I don't know if I love or am a little scared by this time of day. When abroad in unfamiliar places I become inexplicably sad at the point at which the light withers from the winter landscape, and almost uneasy when it's not replaced with street lighting or the glow of a town skyline. One of the reasons I bought the flat here in the Docklands was because at night it felt "surrounded by light" with the boats on the river, the hooded and haloed mercury vapour lamps in the park, the amber sodium flood lights, appropriately enough, on the Barrier and of course Manhattan-on-Thames out the kitchen window.
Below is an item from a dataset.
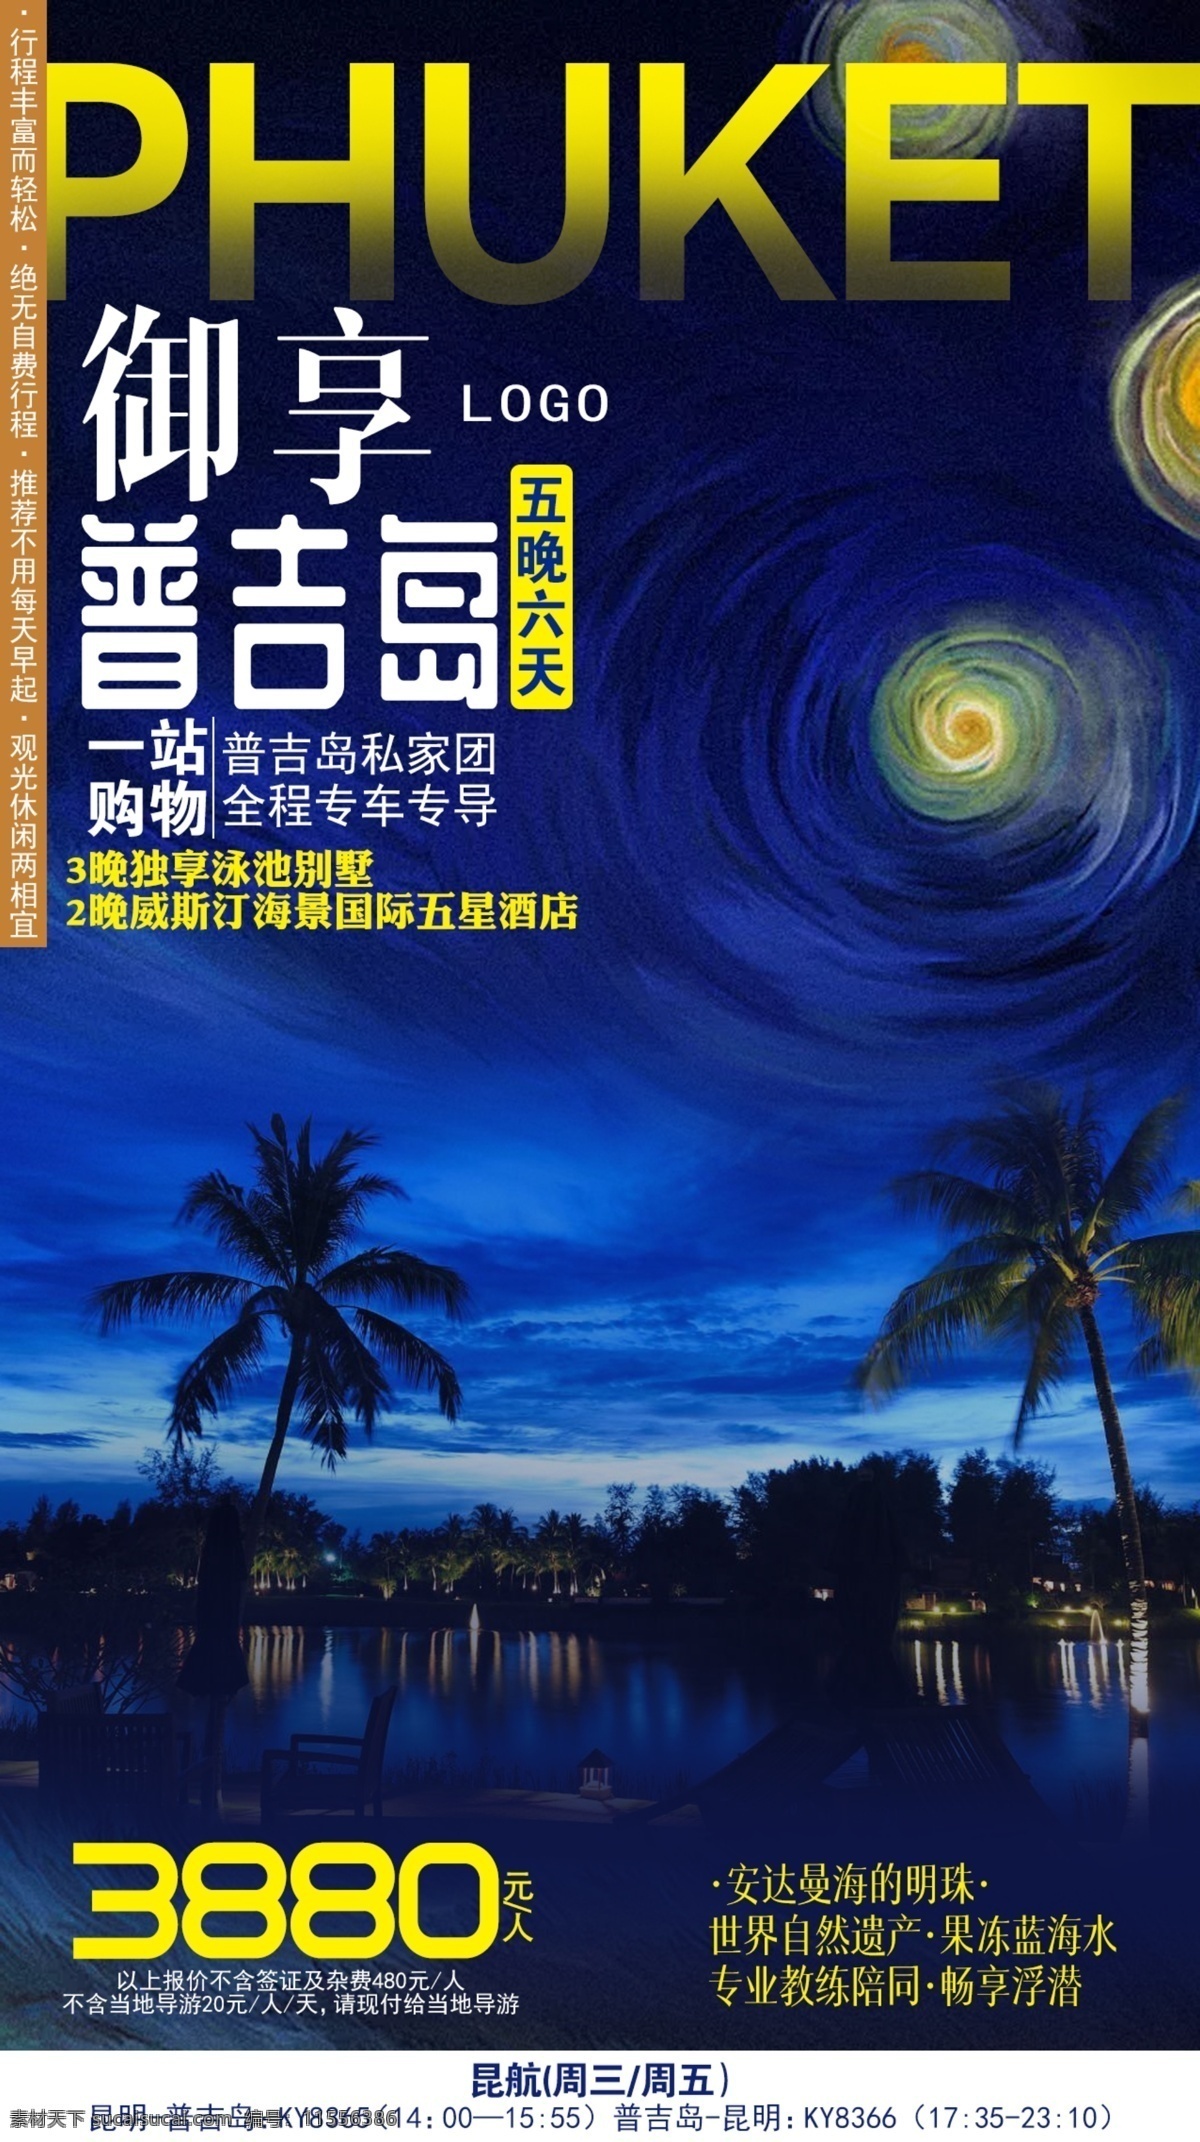 普吉岛 御享 海报 广宣 行走 蓝色 高端 旅游 旅行 爱好 个性 彩色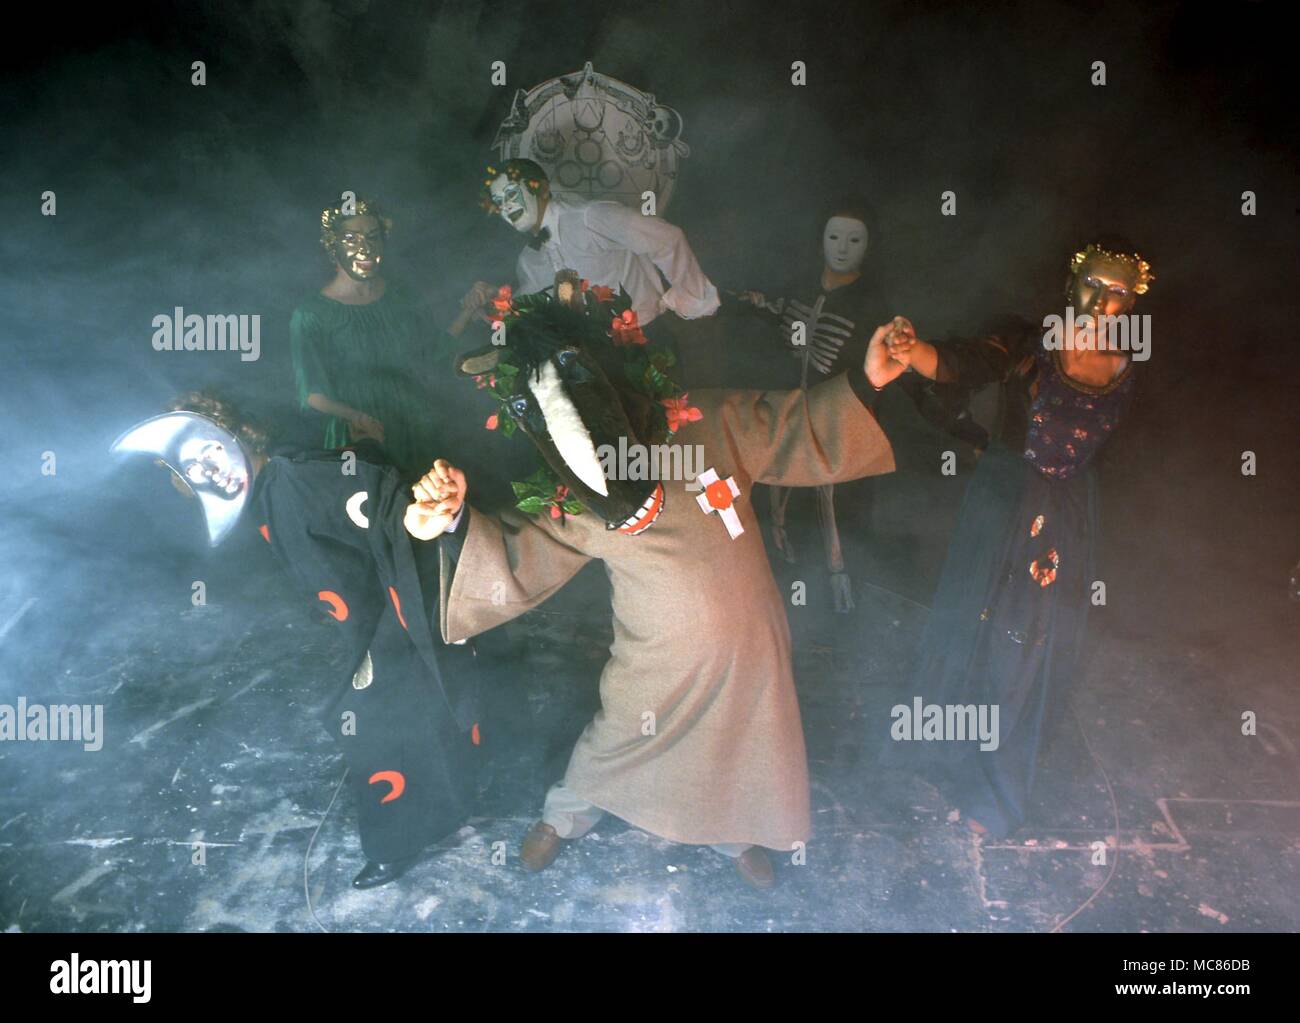 La sorcellerie groupe de personnes dans une sorcellerie burlesque, vêtus de costumes bizarres et des masques, la danse à l'intérieur d'un cercle magique Banque D'Images

It's funny how light, or its absence, affects my indelible impression of place. India is forever conjured for me by the image of a single unshaded fluorescent tube swaying from a tree above a roadside stall. For me it illuminates an entire sub-continent with its brave and inaccurate belief in its own efficacy. Proust may have had the madeleines, I resonate to a fluorescent-lit dead dog resting beside a crazed highway ...

Saturday, 13 January 2007

53 - 19 ?

It's not the Rugby score!

I can't write this at the moment, but I want to keep the placeholder and date.

Friday, 12 January 2007

Paris

The Last Time I saw Paris, my heart was young and gay ... Yes well, that was then, this is now. I should be in Paris right this very minute actually except I never got my arse to Waterloo for the 12.09 Eurostar today.

I had planned a trip with three purposes - to see my friend Sue who does important things for top bananes at L'Oreal, and is presumably handsomely remunerated Because She's Worth It - to see my sometime ex Meki and very possibly have yet another hour long row with him at the top of my voice which does wonders for my French vocabulary but sod all for my temper - and to meet "un type" with whom I had been corresponding on and off.

Despite reminding me for the three years or so that she's lived in Paris that I owe her a visit, Sue trumped my invitation to cocktails and dinner ce soir with the arrival of visitors from Australia. Meki maintains (or is maintained, possibly, I think he's a bit of a courtesan) a home in Italy and had to fly there this morning to take care of some urgent business with his bank, which left me with the prospect of three days with the type and it occurred to me when chatting him on MSN last night that he bore an alarming resemblance to John Profumo as portrayed by Ian McKellen in "Scandal" which made it a bit of a double no-no for me. Not to mention I don't have big enough chairs to pose as Christine Keeler. So I bottled out.

I think my reluctance has something to do with not liking Paris as a city very much, my new-found morality, the pluviose weather forecast, and the influence of a couple of slightly nicer chaps I've met in the UK recently.

Confession

I wonder if blogs are like new diaries, or New Year resolutions - to be buffed and polished and pored over for the first days of the year, and then left to gather dust.

The major question I'm expecting from Gentle Reader (oh and I so wonder what you're like) is Why? and Why Now?

Why Now? is comparatively easy because it's answered by time on my hands ... as it's now been about a calendar year since I escaped from full-time employment, I should really be "getting round" to things like sorting out my spare bedroom and, eventually, my life. One thing at a time. The spare bedroom's now comparatively tidy but the content of the twenty or so boxes bags and bin-liners I shoved in its cupboards are probably metaphors for my mental baggage.

Two new year's resolutions already achieved - 1. I have successfully sold stuff on eBay and 2. For the first time in a fairly busy adult life, I've been to the clinic. Yes, that clinic. And everything was fine thank you for asking, although it was a bit like "Bless me Father for I have sinned. It has been 33 years since my last confession."

And ironically enough the nurse did have to continue her notes on the back side of the paper.